I've no idea what my ex is doing these days as I've cut him from my life completely, which is what you need to do when you're able to get away from this job. It doesn't matter what he does in the future, only what you do. He doesn't deserve your headspace.

I'm so sorry you went through that, can I ask you a question? Now bear in mind this is from my headspace ok. But if they can have an affair with a much younger woman, does that not mean it's just because younger women will always be better? I'm so sorry to ask that I'm just trying to understand.

OP posts:
BetterOffNow · 12/09/2025 10:11

YourBrickTiger · 12/09/2025 10:05

I'm so sorry you went through that, can I ask you a question? Now bear in mind this is from my headspace ok. But if they can have an affair with a much younger woman, does that not mean it's just because younger women will always be better? I'm so sorry to ask that I'm just trying to understand.

No problem, ask away!
He thought that a younger woman would be better but in reality once the novelty of their relationship wore off he cheated on her and there went that relationship.
I've learned that loving someone does not mean they HAVE to love you back the same. If they do it's great, but if they don't then it's time to cut the threads which bind you to them and move on and learn to love yourself.
That way you're happy single, and if someone comes along who is worthy of your love and adds to your happiness it's the icing on an already yummy cake😊

TheAverageJoanne · 12/09/2025 10:23

YourBrickTiger · 12/09/2025 10:05

I'm so sorry you went through that, can I ask you a question? Now bear in mind this is from my headspace ok. But if they can have an affair with a much younger woman, does that not mean it's just because younger women will always be better? I'm so sorry to ask that I'm just trying to understand.

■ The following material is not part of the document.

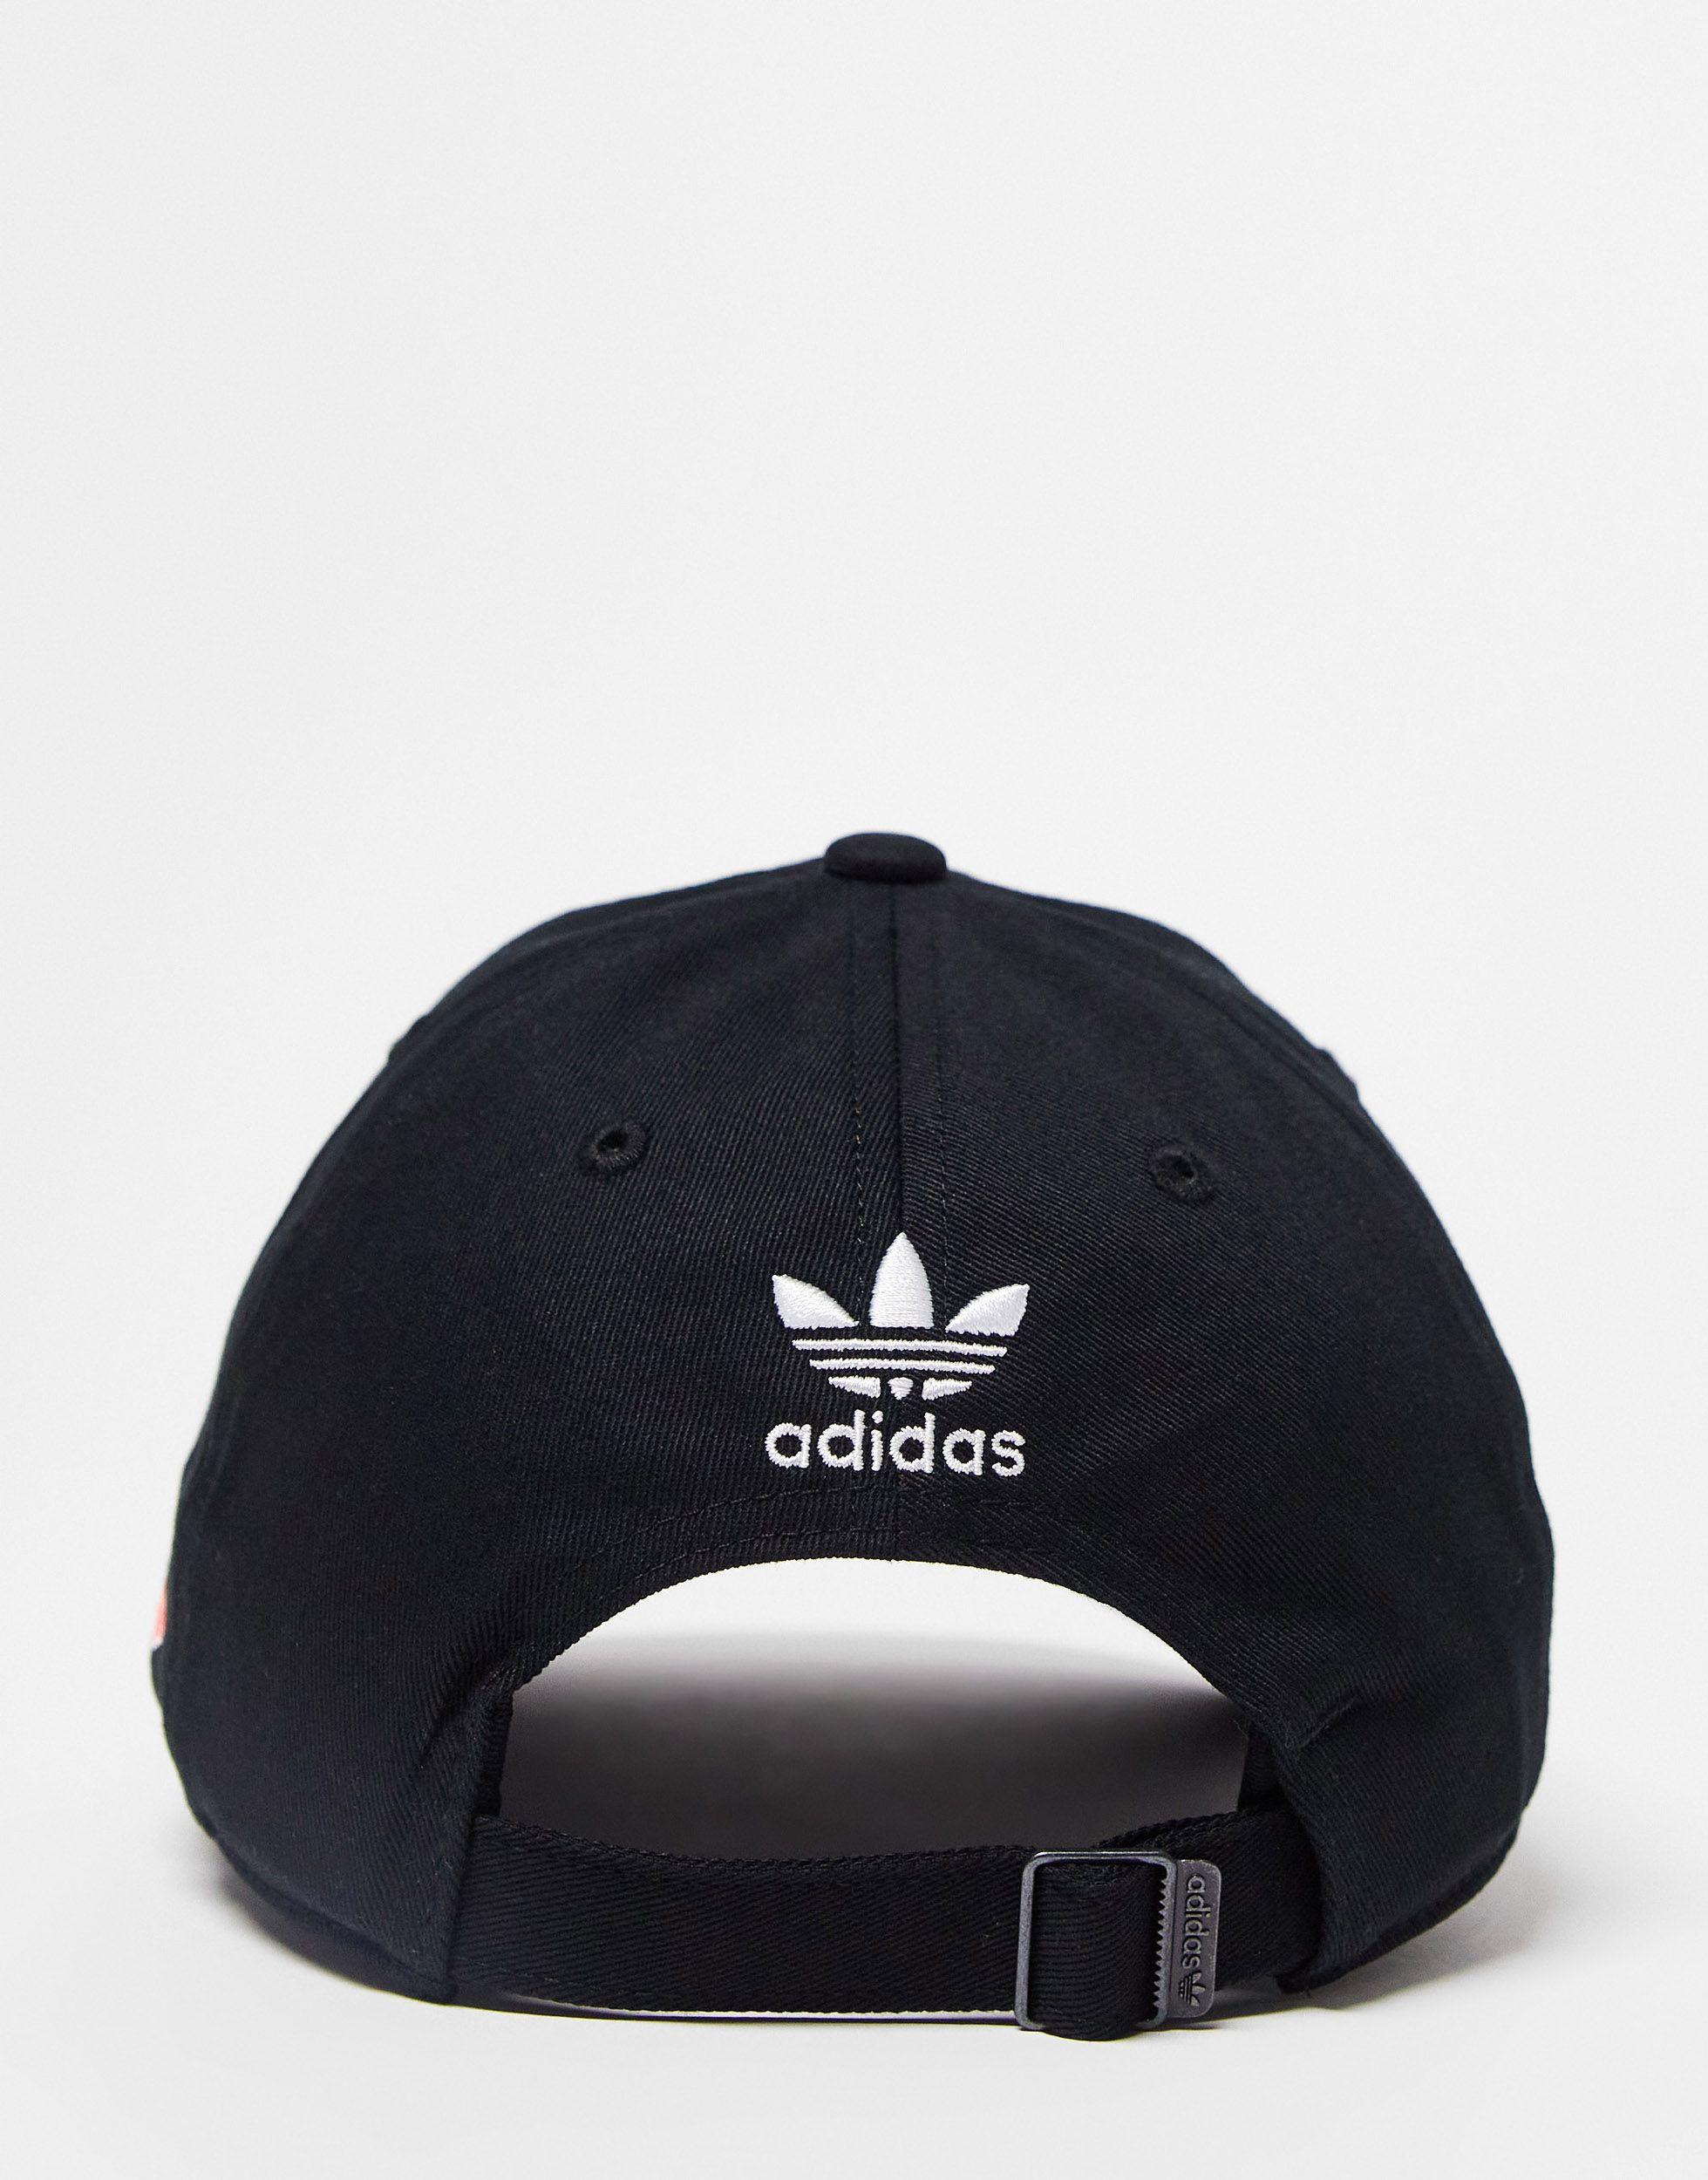 adidas Originals 'always Original' Floral Baseball Cap in Black | Lyst

How can younger women be better? Better than who? In what context? Is Sabrina Carpenter better than Kylie Minogue for example?

Guys like that who think like that are shallow and misogynistic.

YourBrickTiger · 12/09/2025 10:26

BetterOffNow · 12/09/2025 10:11

No problem, ask away!
He thought that a younger woman would be better but in reality once the novelty of their relationship wore off he cheated on her and there went that relationship.
I've learned that loving someone does not mean they HAVE to love you back the same. If they do it's great, but if they don't then it's time to cut the threads which bind you to them and move on and learn to love yourself.
That way you're happy single, and if someone comes along who is worthy of your love and adds to your happiness it's the icing on an already yummy cake😊

Thank you for answering that for me. I appreciate it. I'm afraid I just don't understand people at all.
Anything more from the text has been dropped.